First, we would like to point out, that even though one can relatively easily dismiss the legal arguments advocated by Russia to justify their invasion, it needs to be highlighted, that President Putin still referred to norms of international law to justify the actions of his country, and cited very similar notions to what Western powers have used in the past 20 years for instance in the fight against terrorism. These claims were not effective then and certainly not effective now, but the fact that Russia is still using jus ad bellum language and arguments, reinforces the system itself. This further shows that the problem is not with the binding nature of these norms, but rather their enforcement. This is clear from the Russian arguments, since they did not call into question the applicability of jus ad bellum norms, or even denied their existence, instead they offered a flawed, but still jus ad bellum narrative. For us, this demonstrates, that international law is much more than just ‘guiding norms’, it is indeed a reality.

 

Second, in 2014, the United Nations’ General Assembly adopted a Resolution on the annexation of Crimea, in which––among others––it called on all states to refrain from the violation of the territorial integrity of Ukraine, but failed to mention Russia as the aggressor. The Resolution was adopted with 100 votes in favor, 11 against with 58 abstentions.

 

In comparison, the 2022 invasion met with a significantly starker response. The similarly adopted General Assembly Resolution called upon Russia to stop the use of force and condemned the actions of the state. The Resolution received 141 votes in favor, 5 against with 35 abstentions. Later on, a large number of states imposed sanctions on Russia and as of today no state has recognized the newly formed Peoples’ Republics in Eastern Ukraine.

 

This example shows that blatant violations of international law will meet with a genuine condemnation from almost all members of the international community. The significant difference in numbers in the two resolutions can however mean many things, including but not limited to the fact that the international community accepted the Russian narrative of the annexation of Crimea to a certain extent and/or the actions taken were not clearly disproportionate and unnecessary in contrast with the invasion that is taking place at this very moment as well.

 

In conclusion, yes, international law, and specifically the prohibition on the use of force was unable to stop the armed attack against Ukraine from happening, but international law is much more than just a set of guiding principles. It is a common language states use even when they are fully aware that their actions are inexcusable, and the international community indeed reacts to such flagrant violations with considerable unanimity. These responses are not just words, but part of framework, a basis on which sanctions have been and will be implemented against the Russian Federation, should the aggression continue. Save an armed conflict, the Western powers with a possibility of a third world, even nuclear war, this seems effective enough at the moment.

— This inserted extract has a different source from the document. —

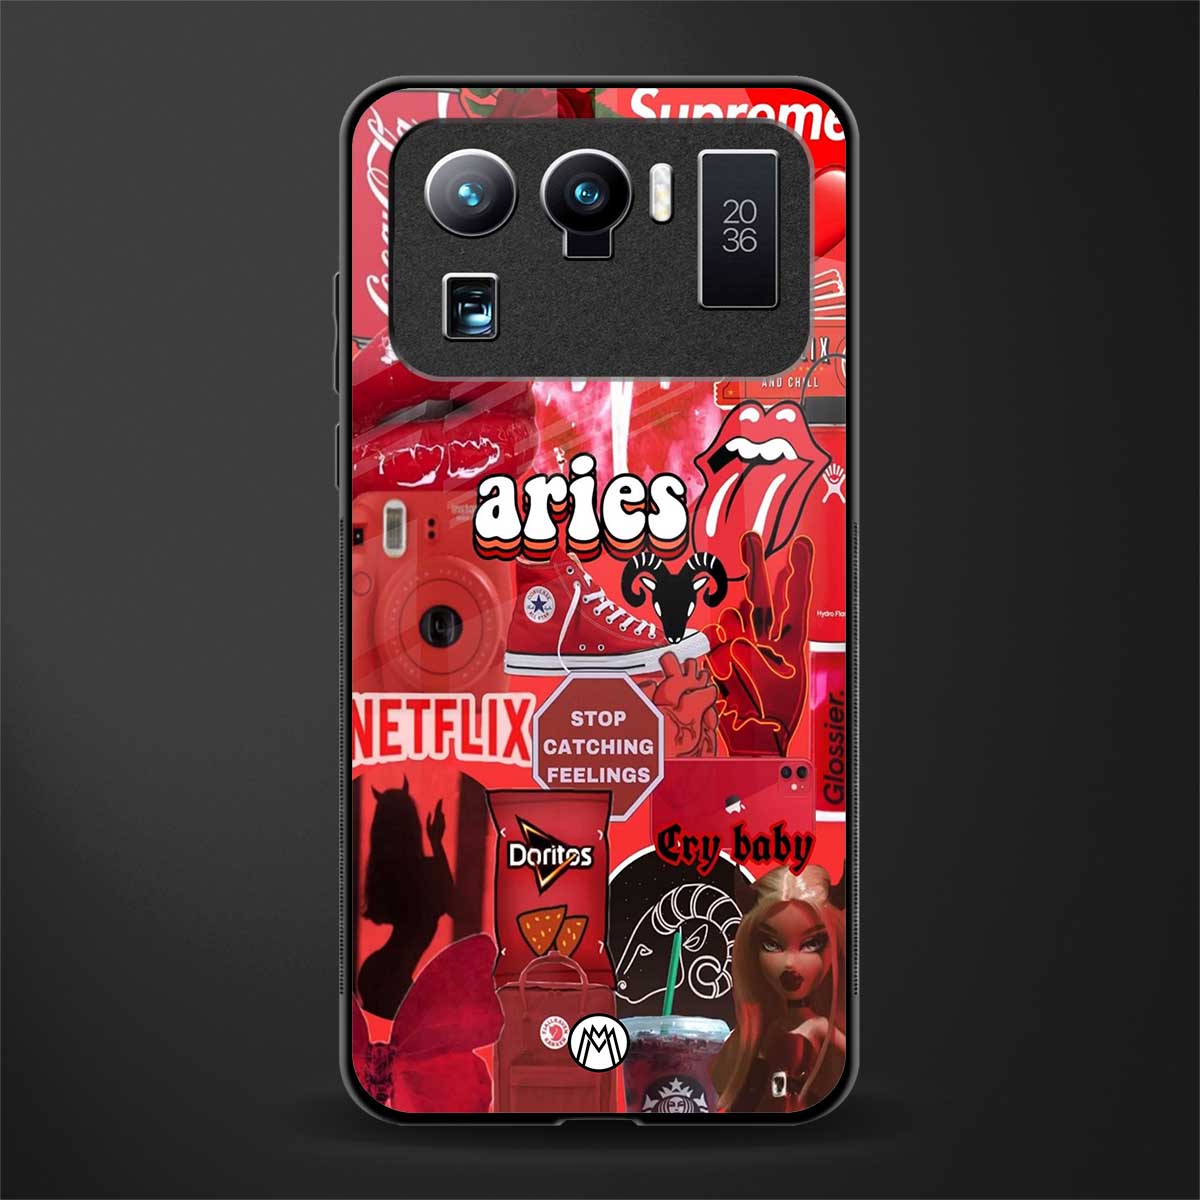 aries aesthetic collage glass case for mi 11 ultra 5g image

Bence Kis Kelemen is a senior lecturer at the University of Pécs (Hungary) teaching international and European law. He received his PhD in 2022 with a dissertation in the topic of targeted killings in international law. His current research interests are the applicability of international law to cyberspace and the protection of personal data.

Mátyás Kiss is a law student at the University of Pécs (Hungary). His current research interest is the relationship between cyber operations and the jus ad bellum.